Requirement
Please give back the listing below word for word and drop any images.

START Data provided

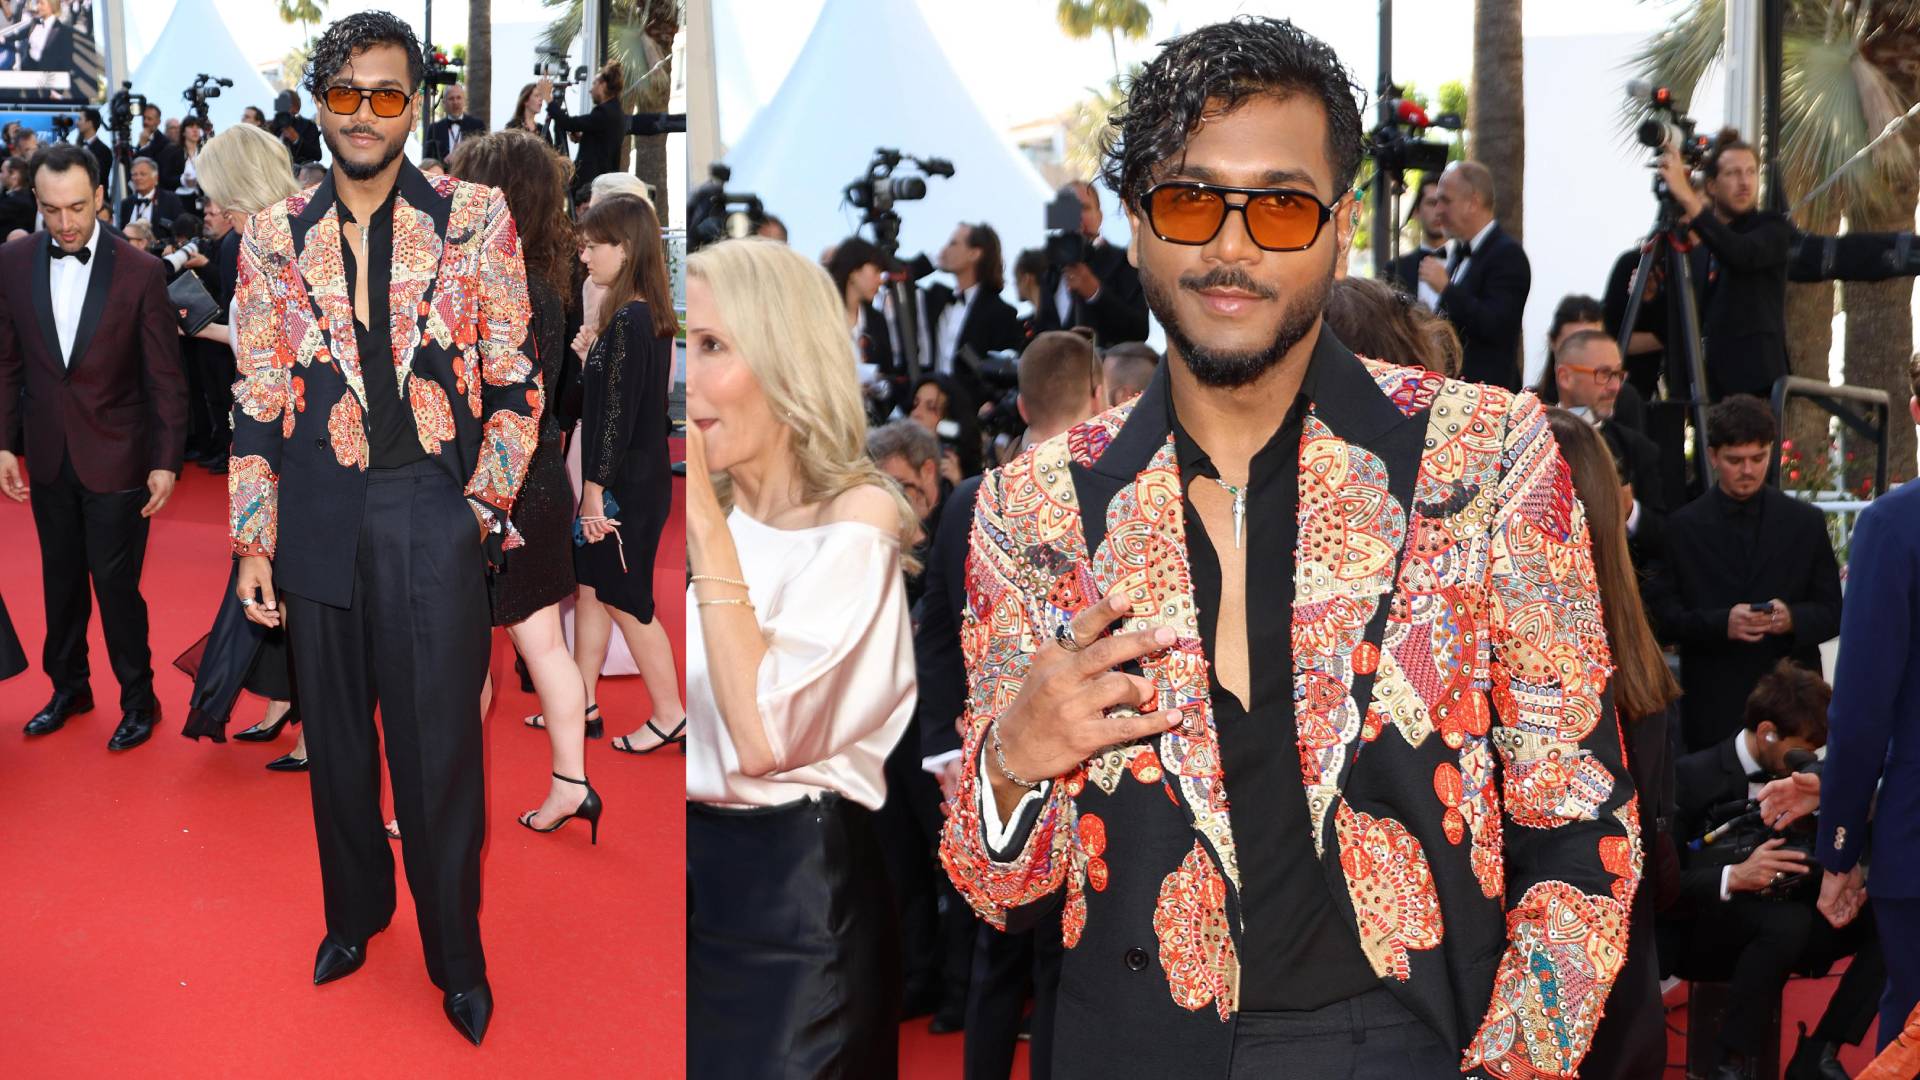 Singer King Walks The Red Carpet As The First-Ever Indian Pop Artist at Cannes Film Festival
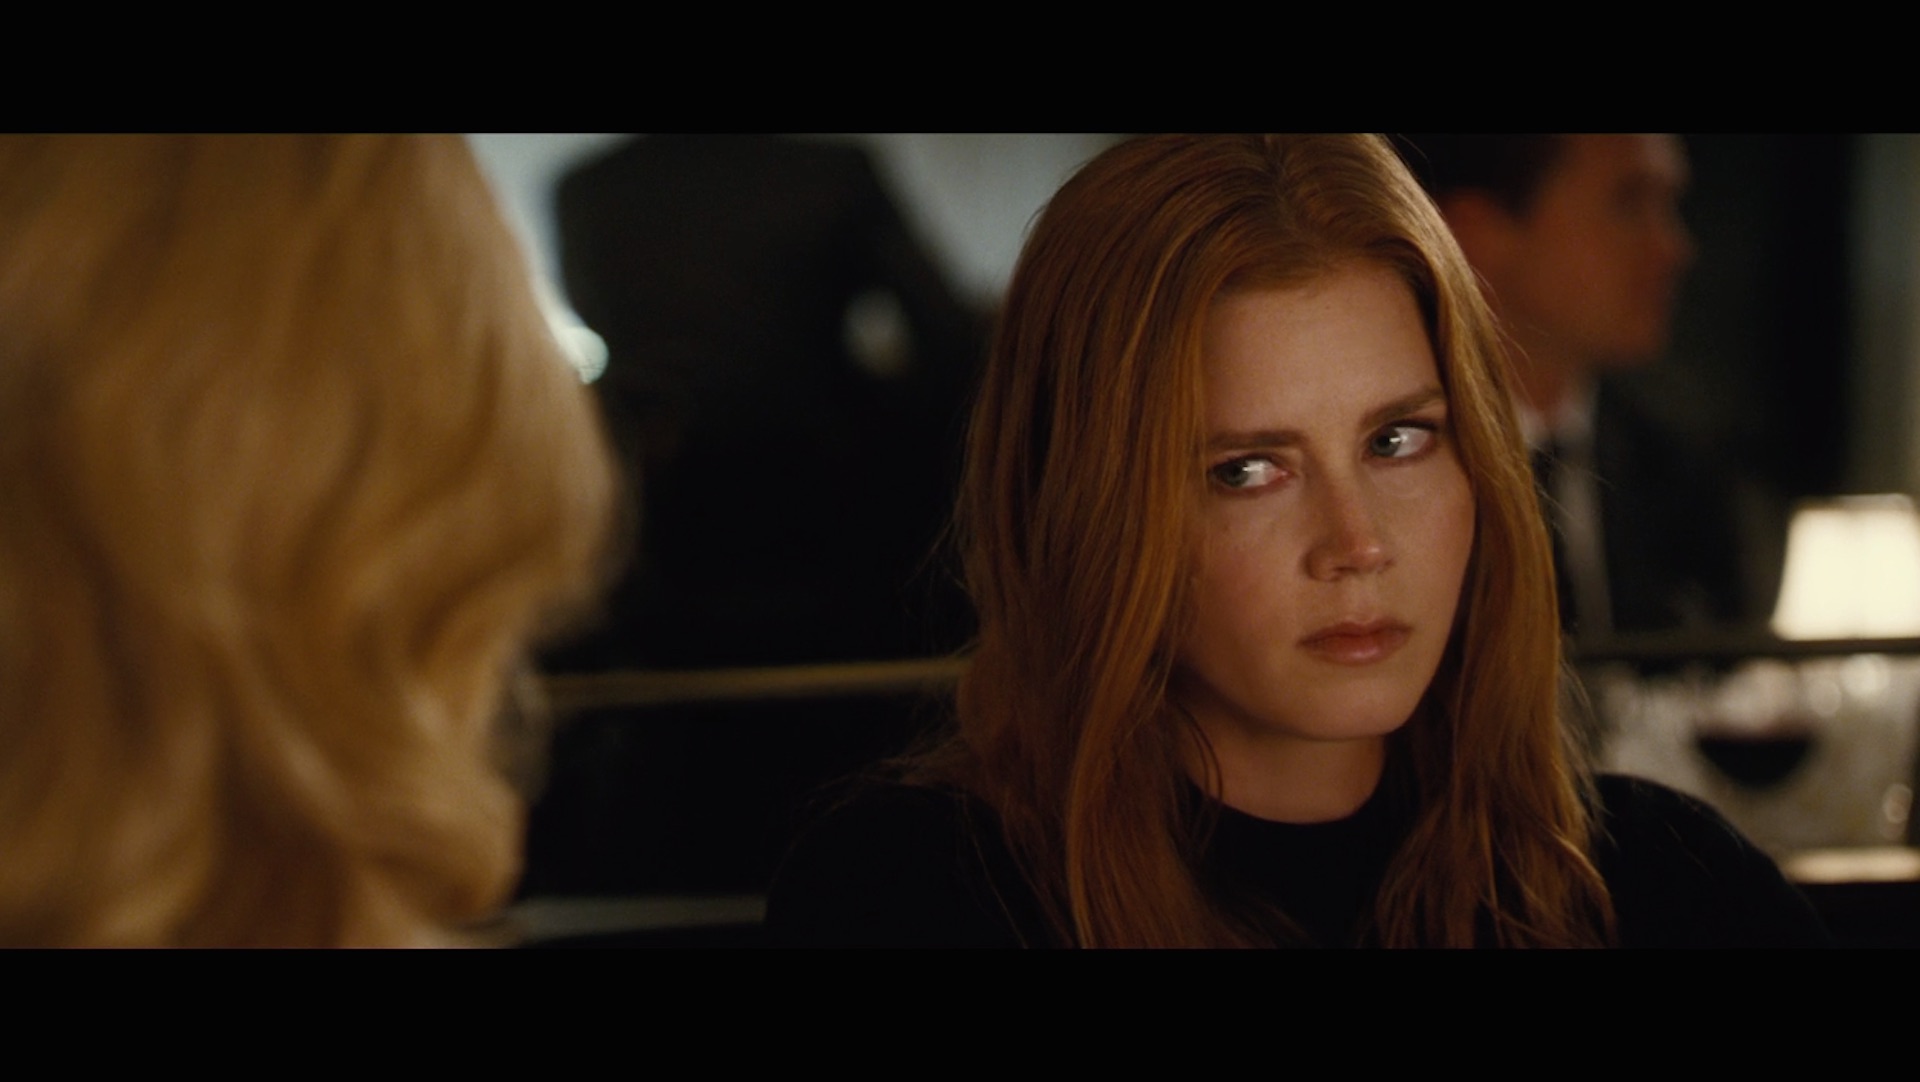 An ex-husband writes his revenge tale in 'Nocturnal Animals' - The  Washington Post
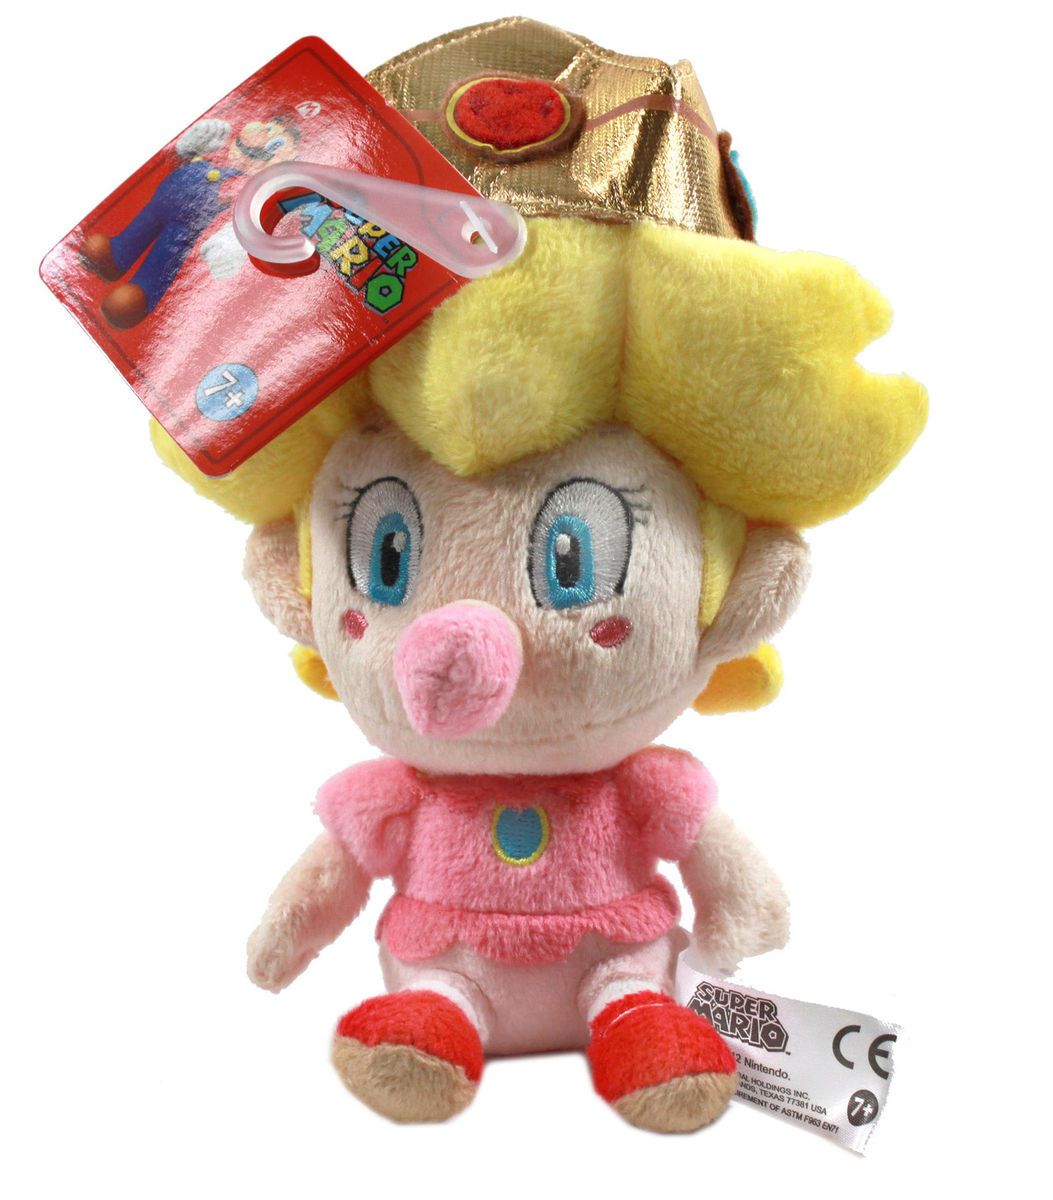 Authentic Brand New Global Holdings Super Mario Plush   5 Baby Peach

END Data provided

Task result
 Singer King Walks The Red Carpet As The First-Ever Indian Pop Artist at Cannes Film Festival
 An ex-husband writes his revenge tale in 'Nocturnal Animals' - The  Washington Post
 Authentic Brand New Global Holdings Super Mario Plush   5 Baby Peach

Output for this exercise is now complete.